The Wuhan Institute of Virology, Thomas Peter/Reuters.
How do we approach news stories that talk to one another without saying a word at all? Today we look at two Chinese and U.S. news articles which both demand information from the other nation about the origins of the Covid-19 virus. The problem is that both authors and publishers have a very different set of ideas as to where the virus may have come from. Yet at the same time, both insist on a similar set of goals that include tracking the virus’ origins, demanding transparency for international investigations into national research institutes, and more.

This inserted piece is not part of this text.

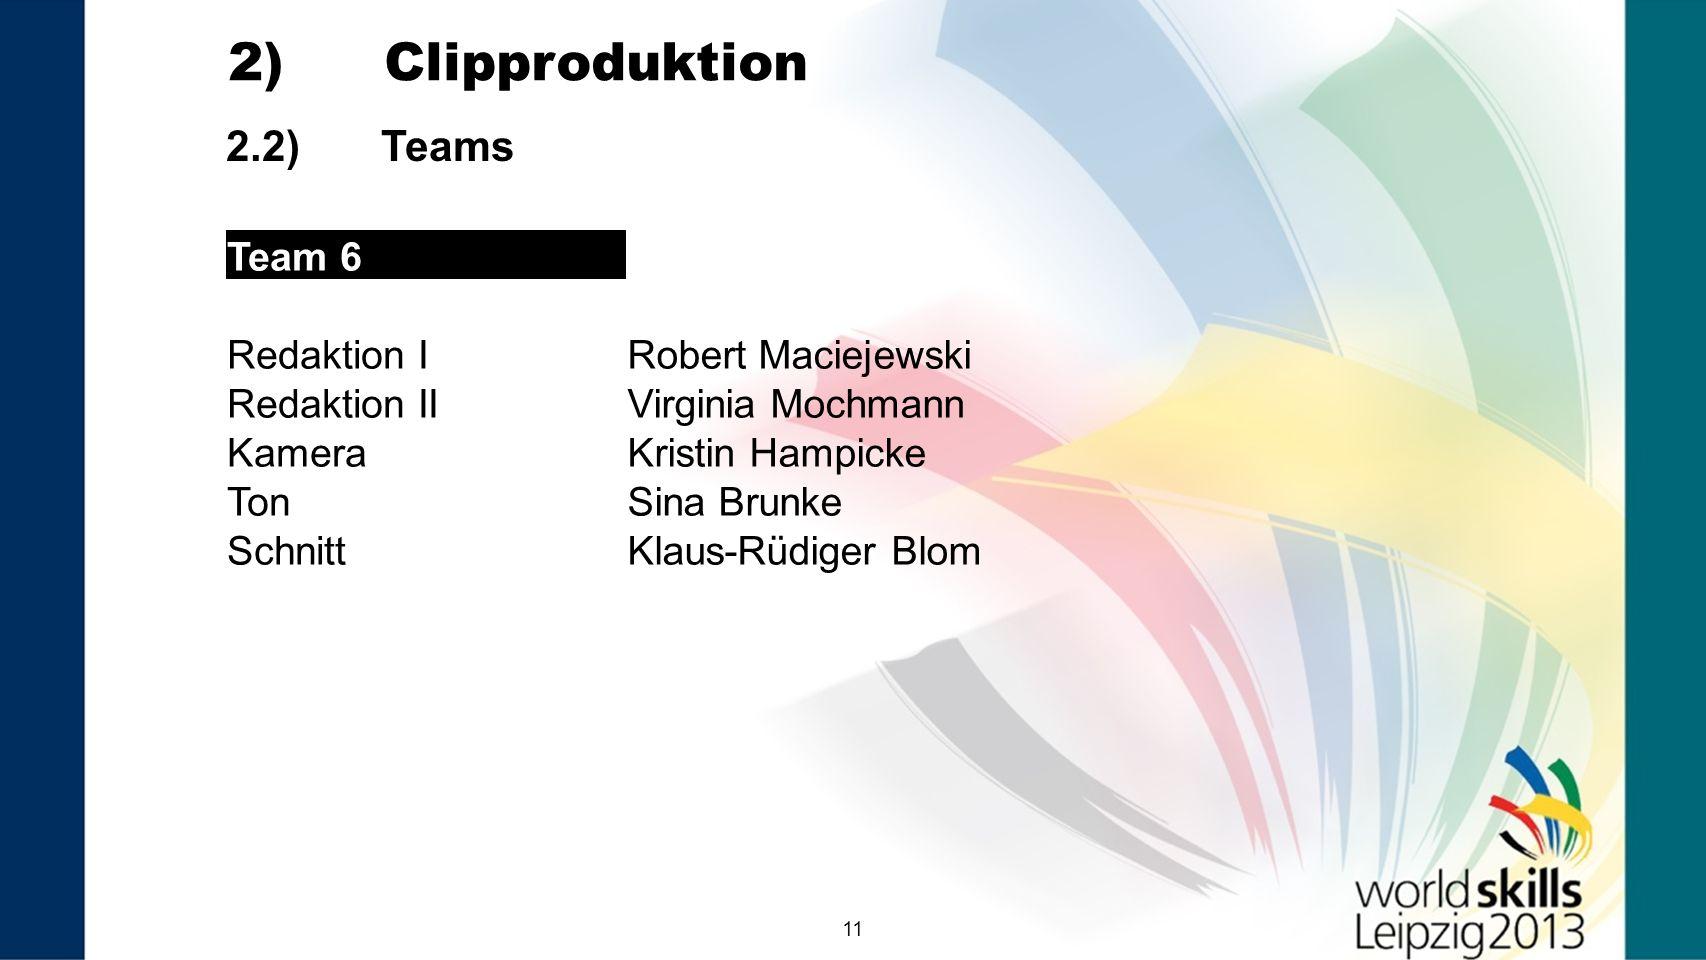 11 2.2) Teams 2) Clipproduktion Team 6 Redaktion IRobert Maciejewski Redaktion IIVirginia Mochmann KameraKristin Hampicke TonSina Brunke SchnittKlaus-Rüdiger Blom

This propaganda workshop asks how we can view two pieces of very different propaganda and put them in conversation. We will work out how best to understand two sets of information that talk about the same subject (origins of the Sars-Cov-2 novel coronavirus) with almost no informational overlap whatsover.
Our first article was published in the Washington Post by the Washington Post Editorial Board on February 5th, 2021, titled “We’re still Missing the Origin Story of this Pandemic. China is Sitting on the Answers.”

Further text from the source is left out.